- Господа капитаны, прошу изготовить корабли к выходу в одни сутки, а утром послезавтра будем сниматься с якоря.
Капитаны молча выслушали адмирала, а сидевший напротив Ушакова командир "Марии Магдалины" Тиздель недовольно поморщился:
- Ваше превосходительство, понедельник день несчастливый для моряка, всем известна сия примета дурная.
Многие одобрительно зашумели. "Буза какая-то. От дурости сие или от нашей затхлости российской? Дело не ждет, медлить немыслимо, а у них на уме причуды", - подумал Сенявин. И только один Ушаков, будто читая мысли флаг-офицера, невозмутимо произнес:
- Почитаю, в деле воинском определяется порядок уставом, но не причудами.
Видимо, возражение Ушакова, которого явно недолюбливал Войнович, решило дело. Флагман пожевал губами. "Лишний вечерок повеселиться не мешает".
- Согласен с вами, господа капитаны, эскадра снимется рано поутру во вторник по моему сигналу.
Дорого обошлось решение Войновича. Лето кончалось; надвигались осенние штормы. Неприятности начались у Калиакрии. При свежем ветре на одном фрегате сломало фор-стеньгу. Войнович распорядился: "Эскадре стать на якорь, со всех судов плотников послать на фрегат".
Пока ставили стеньгу, развело крутую волну, плотники остались на фрегате.
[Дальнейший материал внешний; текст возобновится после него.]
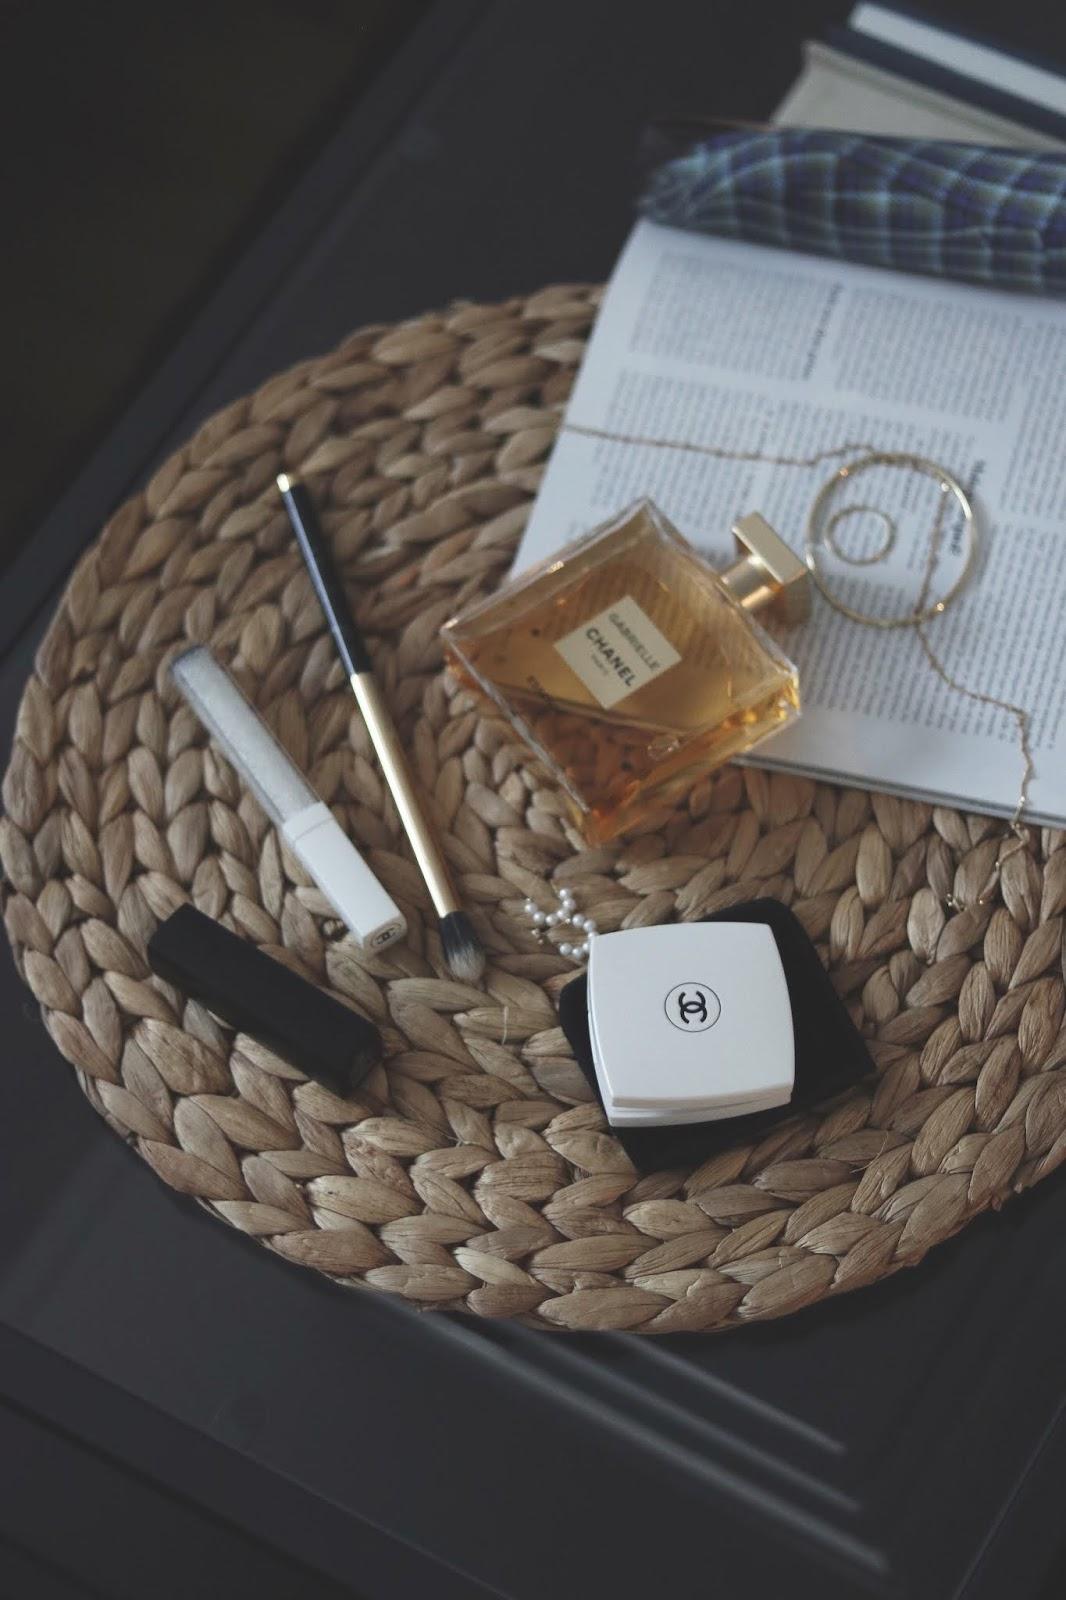 CHANEL Gabrielle Chanel Essence quick review aleesha harris

Флагман поднял сигнал: "Сняться с якоря, идти к Варне".
К ночи ветер усилился, море разбушевалось. Начали убирать паруса, но было поздно. Ураганный вихрь ломал одну стеньгу за другой, крушил мачты, бросал их на палубу, скидывал за борт.
В ночной тьме Сенявин различил фальшфейер на "Крыме", видимо, оттуда же палила пушка, но помочь ему было невозможно.
На рассвете Сенявин, не спавший всю ночь, только-только, не раздеваясь, прилег на койку, как с треском переломилась третья бизань-мачта. Сенявин выскочил на палубу. Сломанная мачта повисла на вантах за бортом, волочилась и билась о корабль. Гигантские волны как спичку подхватывали ее и с грохотом ударяли о борт. "Еще немного - и все будет кончено", - мелькнула мысль у Сенявина. Раздумывать было некогда, он схватил за мокрую фуфайку пробегавшего боцмана:
- Силыч, моментом тащи топоры!
Спустя минуту они с боцманом вылезли на руслени и, каждое мгновение рискуя сорваться за борт, яростно рубили ванты с обоих бортов. Несколько сильных, точных ударов - и мачта скрылась в волнах за кормой. Освобожденный корабль развернуло по ветру, и вскоре ему удалось встать на якорь. Вокруг не было видно ни одного корабля. Всех их далеко раскидал и унес с поломанными мачтами непрекращающийся шторм. Войнович лежал пластом вторые сутки. Волны раскачивали и бросали корабль с борта на борт. Обшивка местами разошлась, и в трюм быстро прибывала вода. Помпами не успевали ее откачивать. В ход пошли ведра, ушаты. Сенявин послал вестовых на камбуз. Оттуда принесли медные котлы и бачки. Беспрерывно цепочкой часами стояли промокшие матросы, передавая из рук в руки ведра, вычерпывая воду. На третьи сутки люди стали выбиваться из сил. Сенявин спустился на батарейную палубу и опешил. Вокруг сновали матросы с полными ведрами. Верхом на пушке сидел, беззаботно болтая ногами, корабельный слесарь Силкин, весельчак и балагур. В руках он держал большую кость с куском солонины, которую срезал и аппетитно уплетал. Усталый Сенявин вскипел:
- Ах ты, скотина! Теперь ли время объедаться! Брось все и работай!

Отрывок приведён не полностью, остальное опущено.